Our project took me to places where the true backbone of the United States still resides.  In order to get wood, we visited a pallet maker.  She builds them out of old cedar telephone poles by cutting them up with a giant band saw into planks that are then sized and nailed together.  It is really hard work.  She does them by herself.  She is off the grid.  Try as hard as you can, you probably won’t find her.

We picked up some metal strapping to hold the barrel together from a similar business that custom builds gates and metal fencing.  And, of course, we did the project back in a spot that is completely out of sight.  These are people who aren’t voting in the current election.  They’re busy working.

These are people, though, who are the first ones to jump to your aid, to defend their country and protect our rights as individuals.  There is no negotiation prior to doing these things.  The folks that magically make pallets full of food and beer and products appear in the stores don’t ask for anything more than the selling price of their products.  That’s it.  No handouts are requested, no free benefits are needed.  Helping someone is just exactly that.  You never hear “What’s in it for me?”  They already know the answer. 

This is the backbone of the United States.  There are no races here and there is no difference between working men and working women.  Much of this backbone consists of immigrants and first generation U.S. citizens.  Their parents or grandparents studied and became U.S. citizens, and most were treated far worse than the immigrants of today.  They didn’t get welfare or free medical care and they had to take menial jobs to survive.  They learned to depend on their own resources because help was out of their price range.  Today they pretty much build our country. 

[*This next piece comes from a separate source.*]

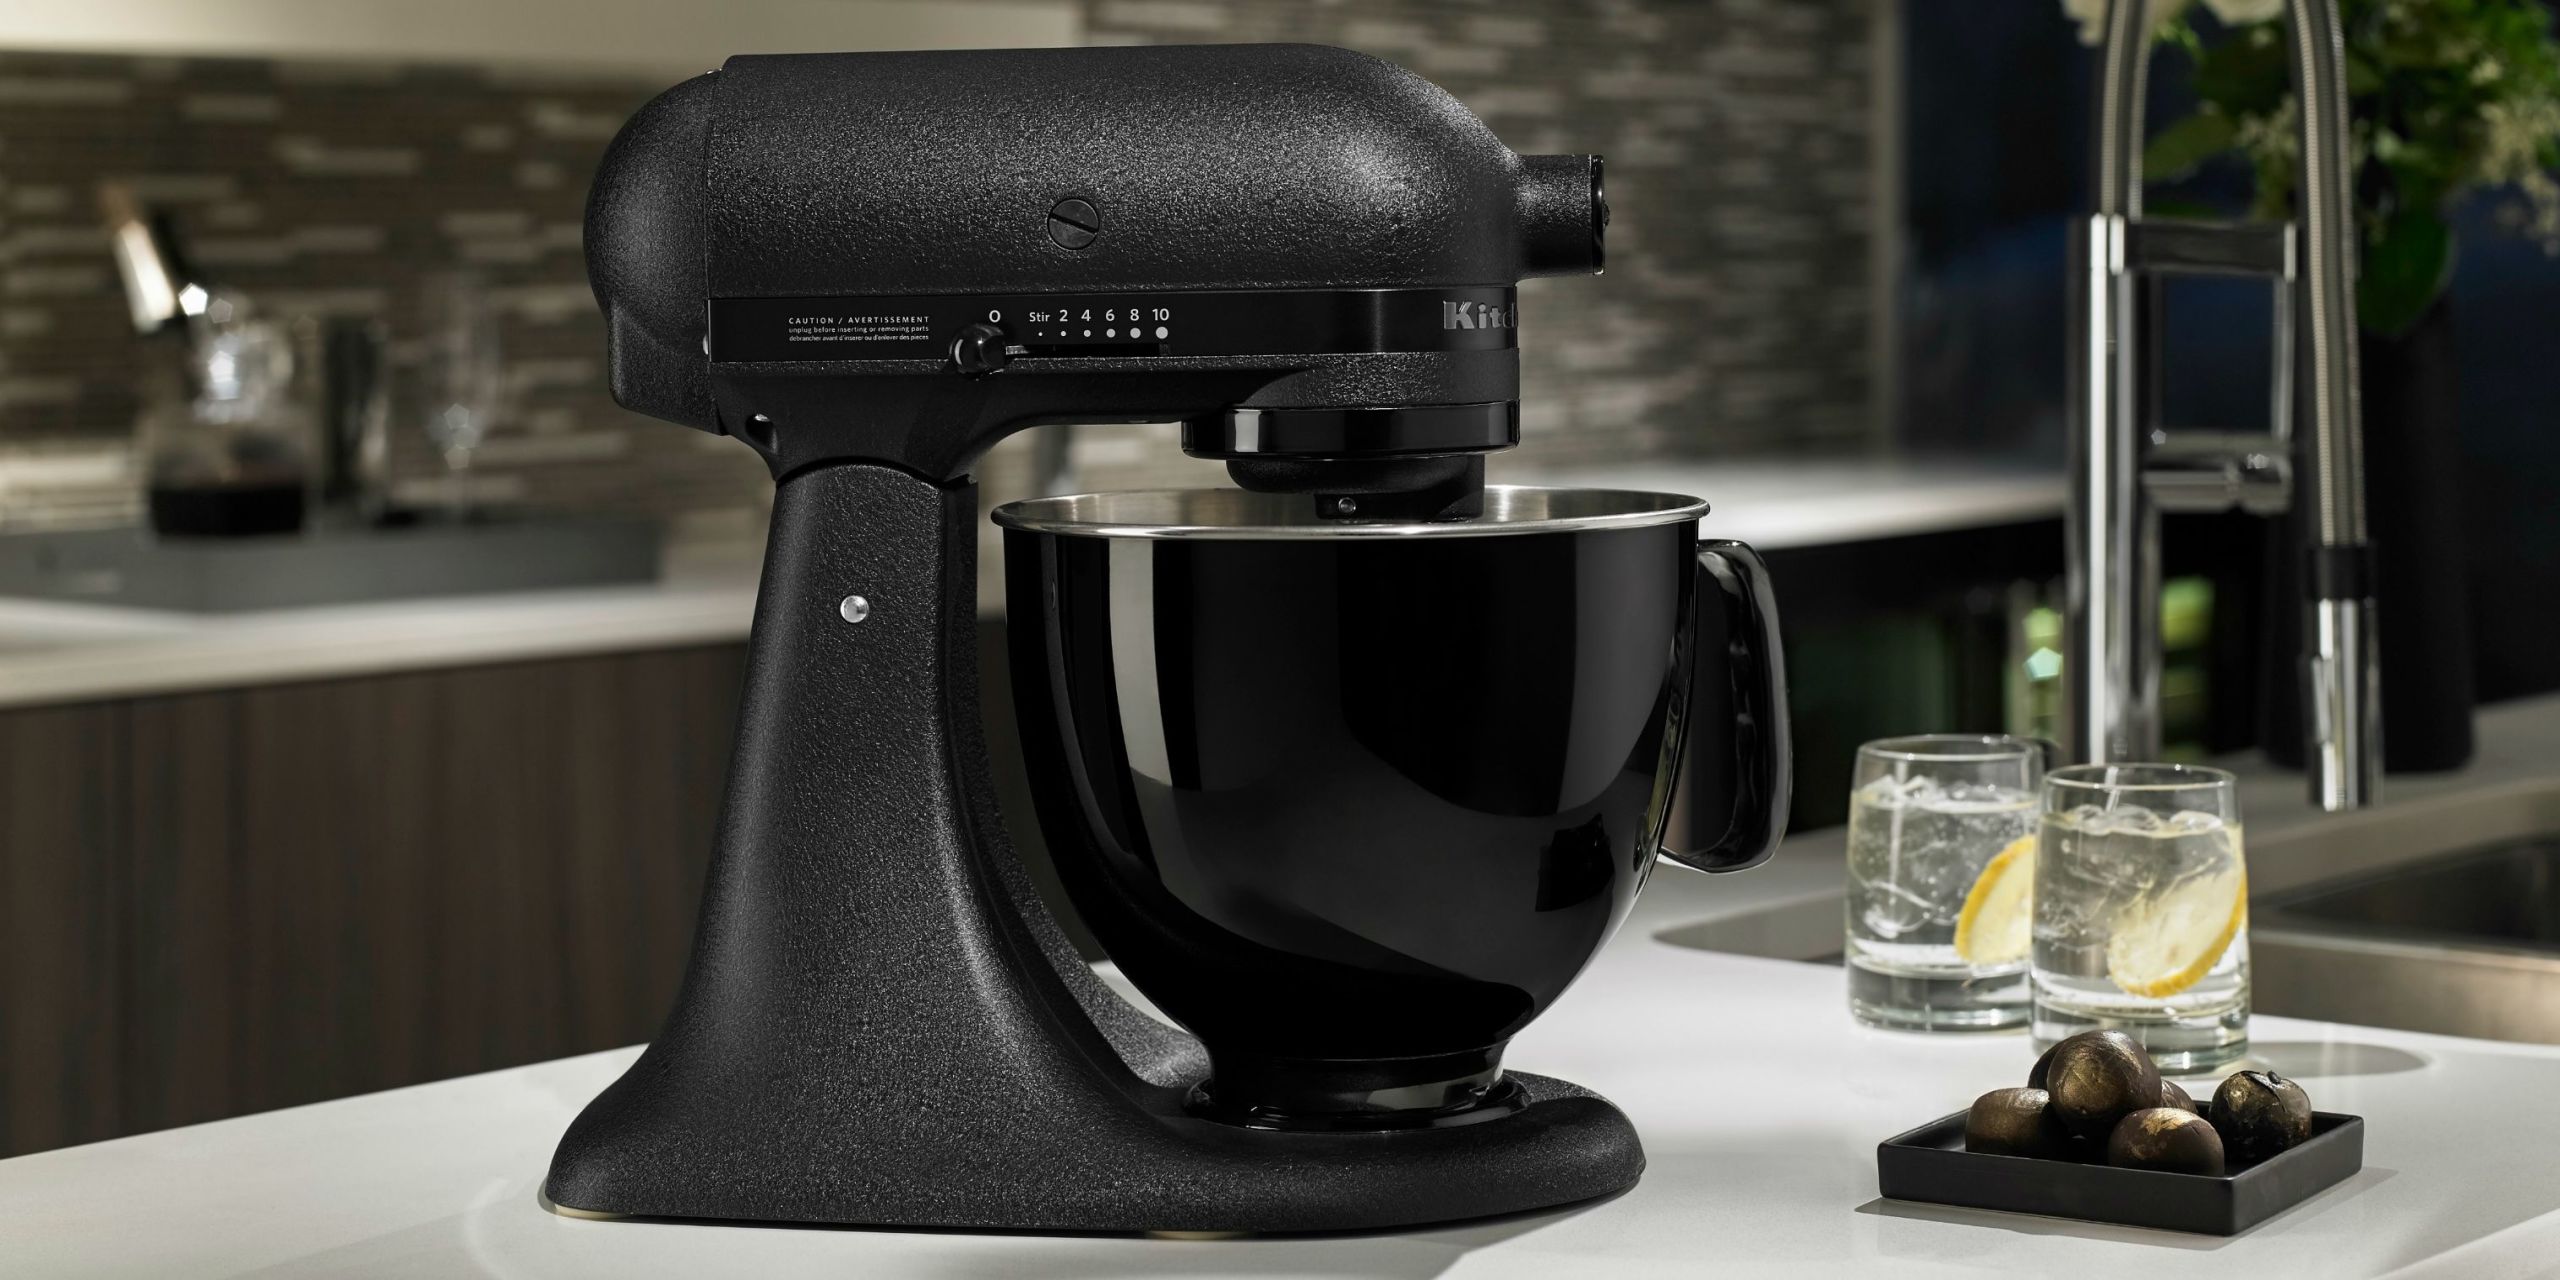 Where To Buy A Kitchen Aid Mixer

I really don’t think that most people realize just how amazing this subset of our country is.  They do still build things around here.  Pallets don’t come from pallet factories in Mexico.  Cabinets don’t all come from the sales floor at Home Depot.  Someone actually makes this stuff and then has to sell it.  Lettuce does not come from the lettuce factory.  And meat is not created already in the package.  Someone had to feed it, grow it and butcher it.  Those people aren’t well paid and they can’t afford a new iPhone every six months.  They pay for their own health insurance and don’t quite understand why we need free trade agreements with neighboring economies.  After all, we can build it ourselves if we put our minds to it. 

Ah, well.  Time to go home to my suburban house.  Time for a glass of wine while I sit and appreciate the fact that I crushed the grapes that made the wine.  With my feet.  Maybe.